(WHAT IS REQUIRED)
Your copy should hold only the lines from the one with "Lowering Blood Pressure" to the one with "Love & Peace", both included, each exactly as it stands below, with no pictures.

(PROVIDED INFORMATION)
-=-=-

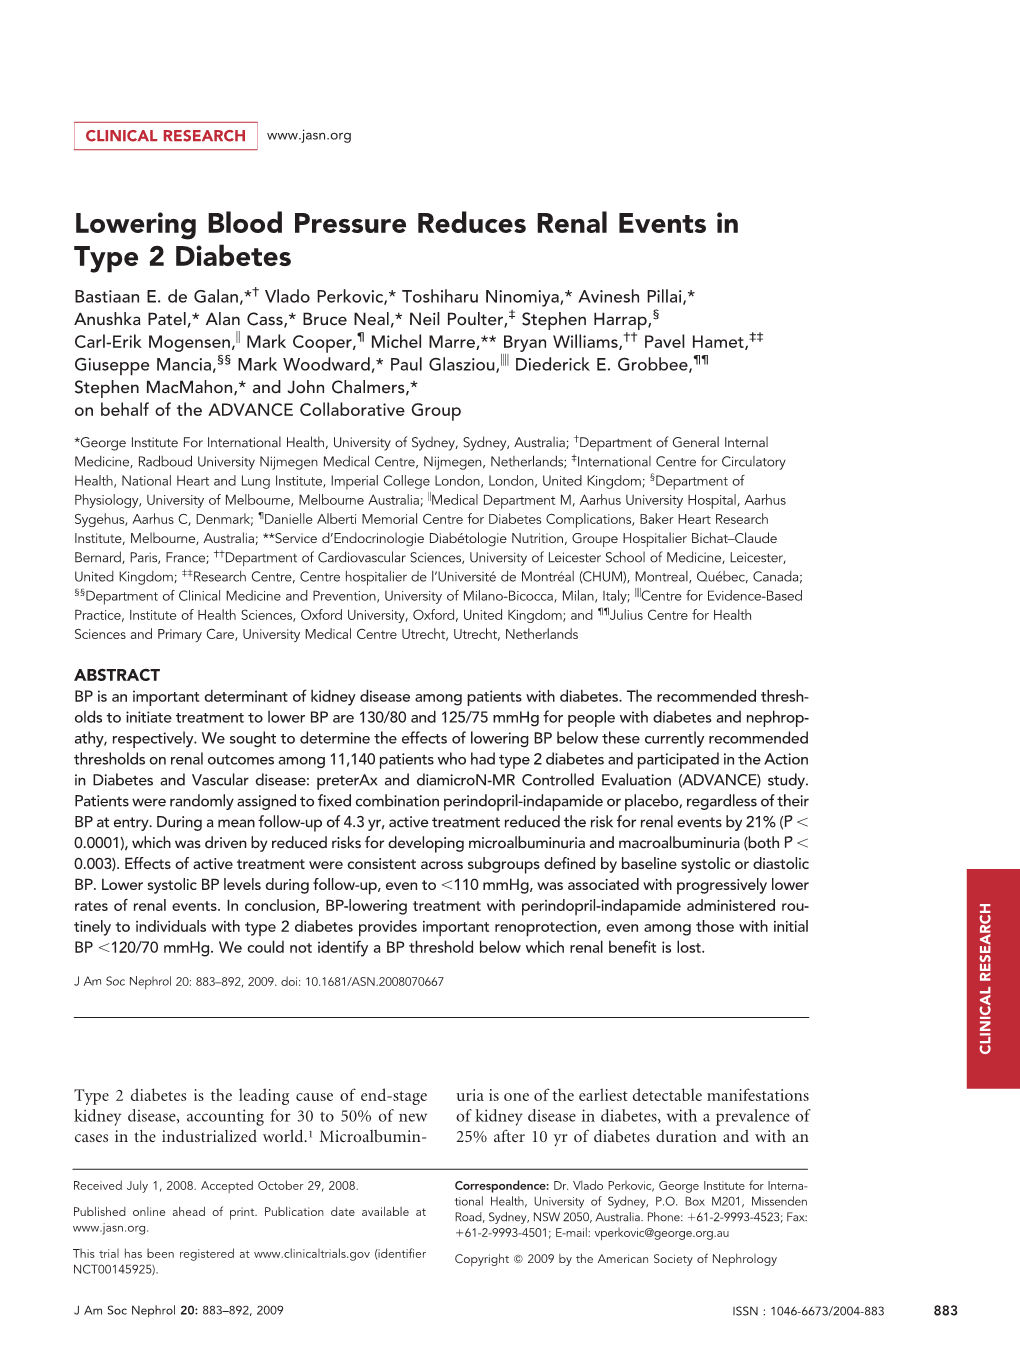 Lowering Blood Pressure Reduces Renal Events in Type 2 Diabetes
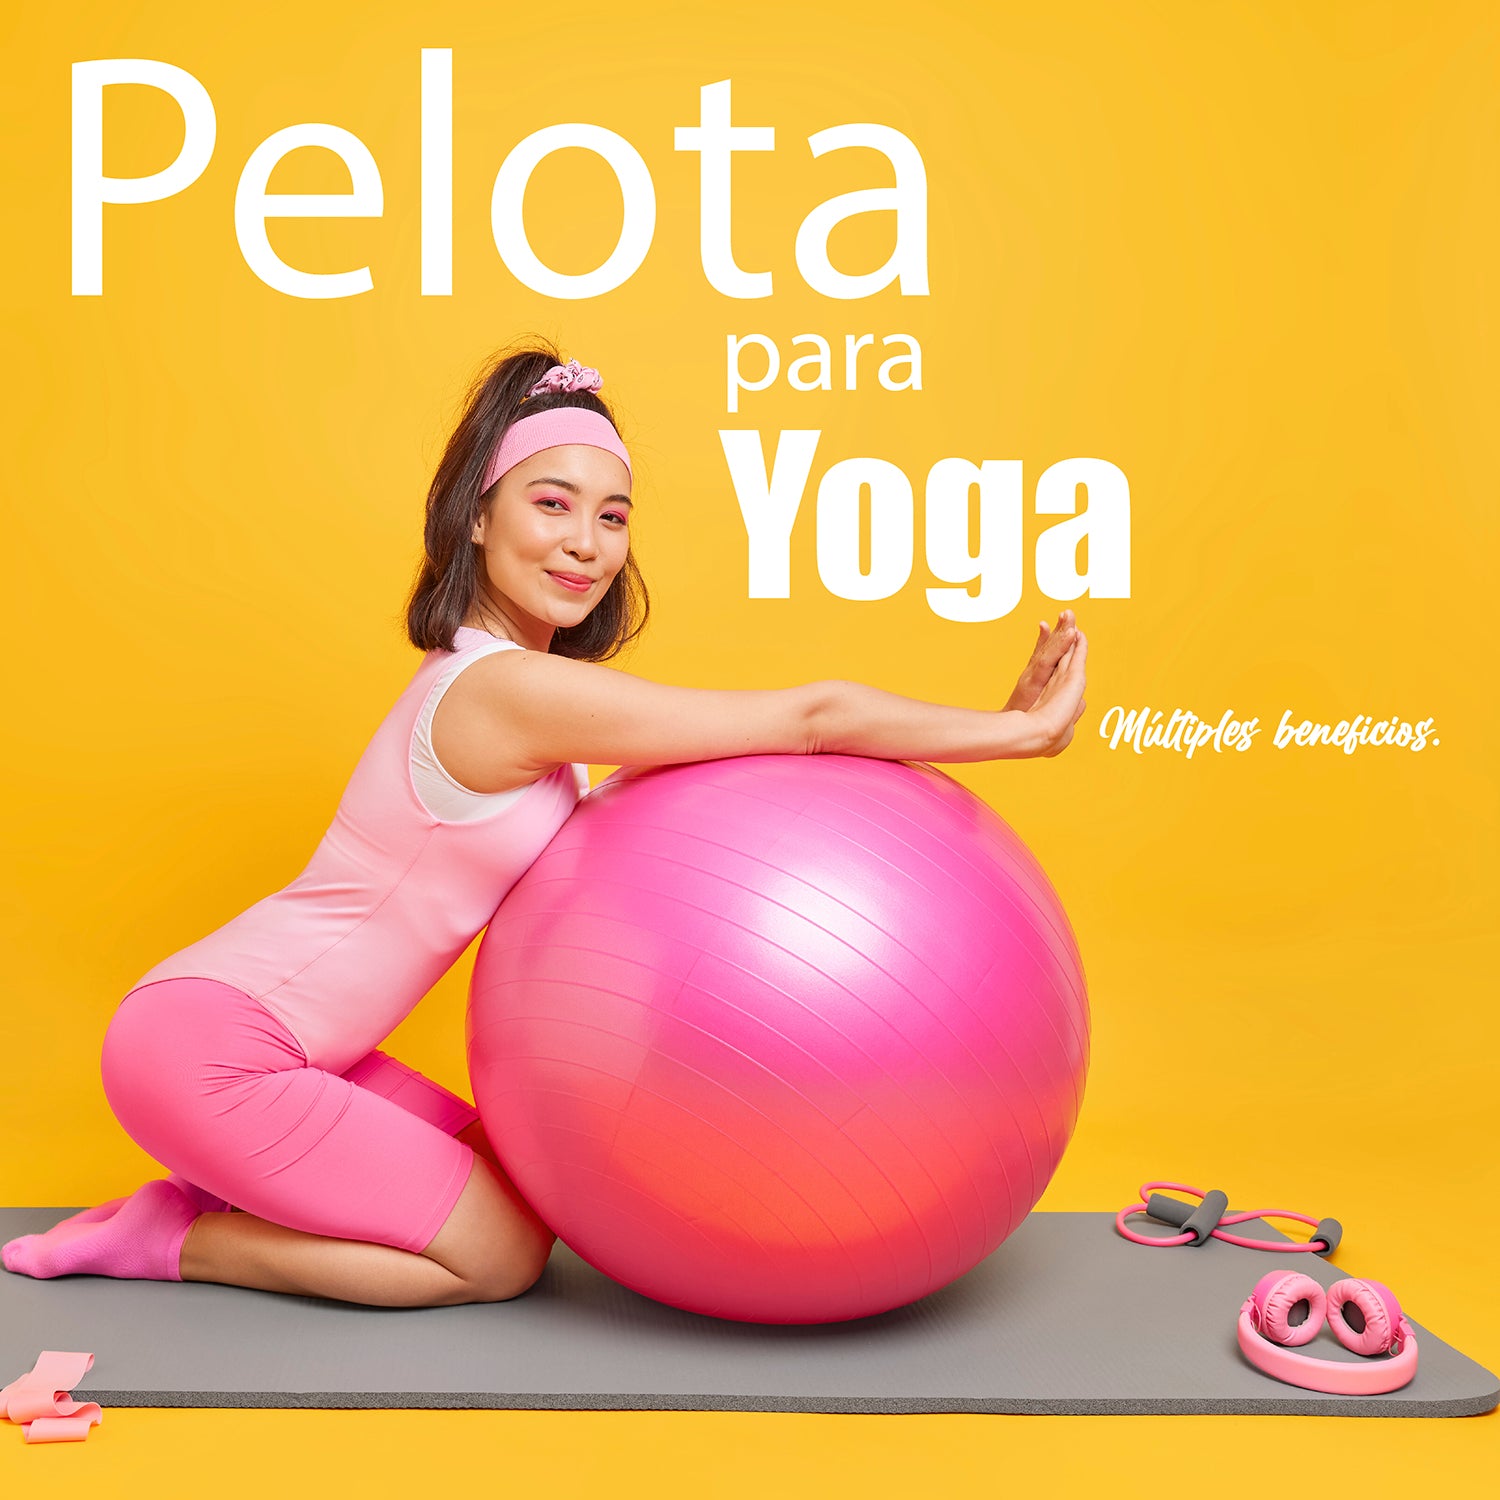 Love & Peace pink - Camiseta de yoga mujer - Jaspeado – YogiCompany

-=-=-

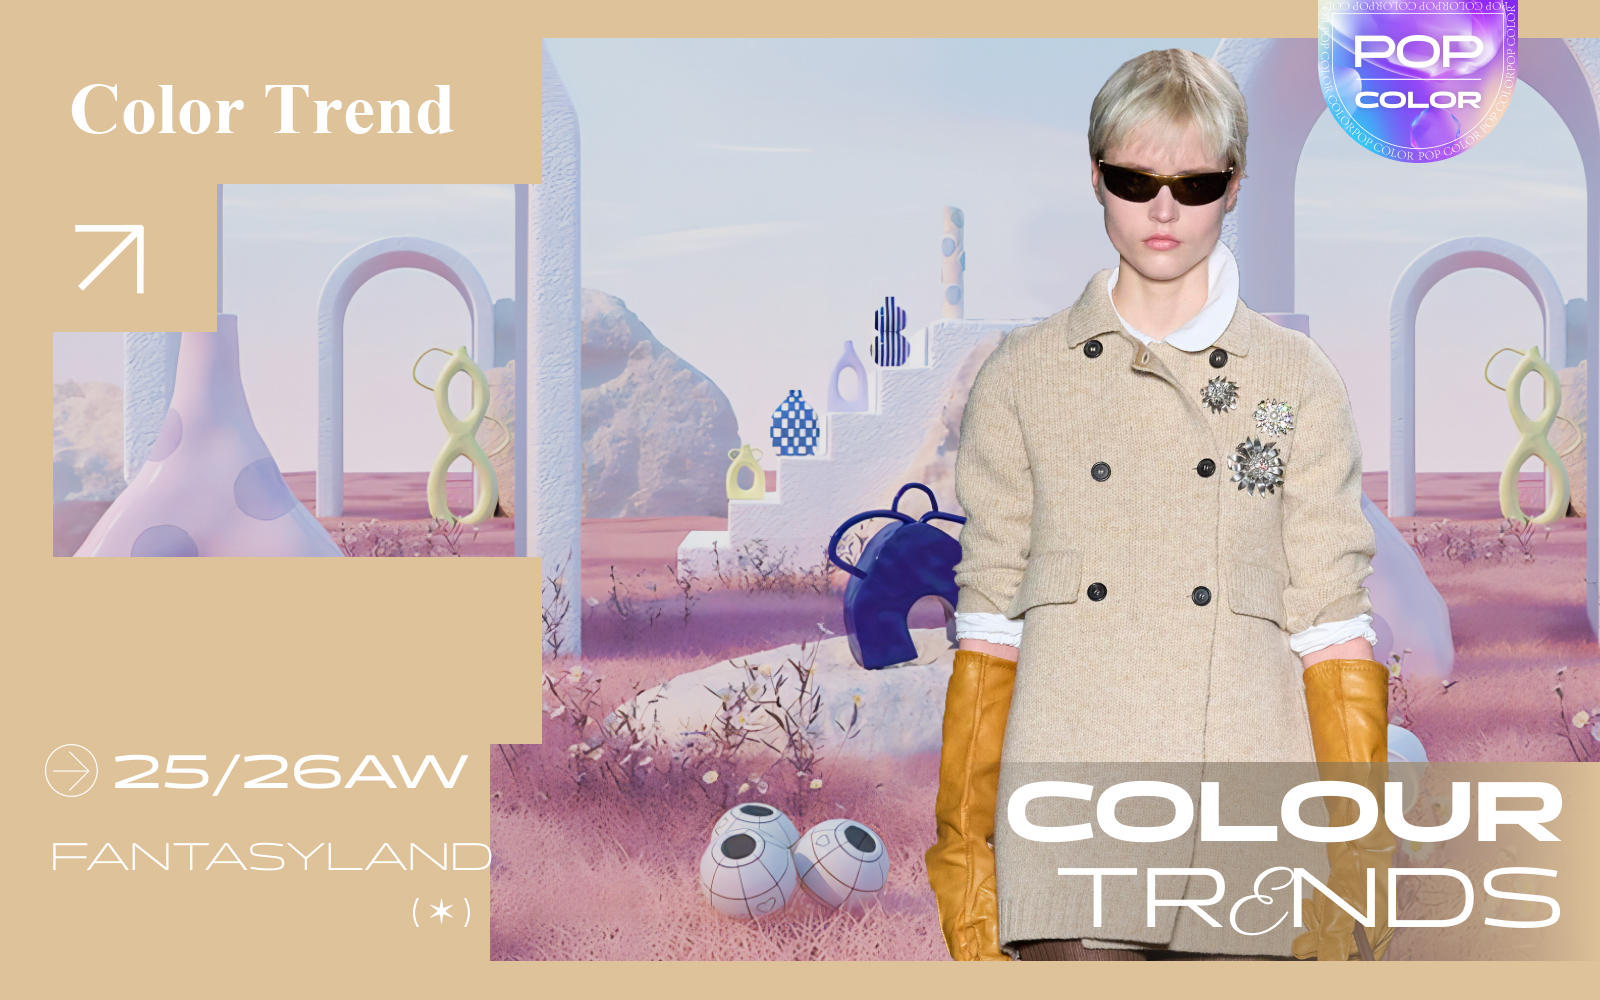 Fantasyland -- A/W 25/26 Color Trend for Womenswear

-=-=-

(OUTPUT)
 Lowering Blood Pressure Reduces Renal Events in Type 2 Diabetes
 Love & Peace pink - Camiseta de yoga mujer - Jaspeado – YogiCompany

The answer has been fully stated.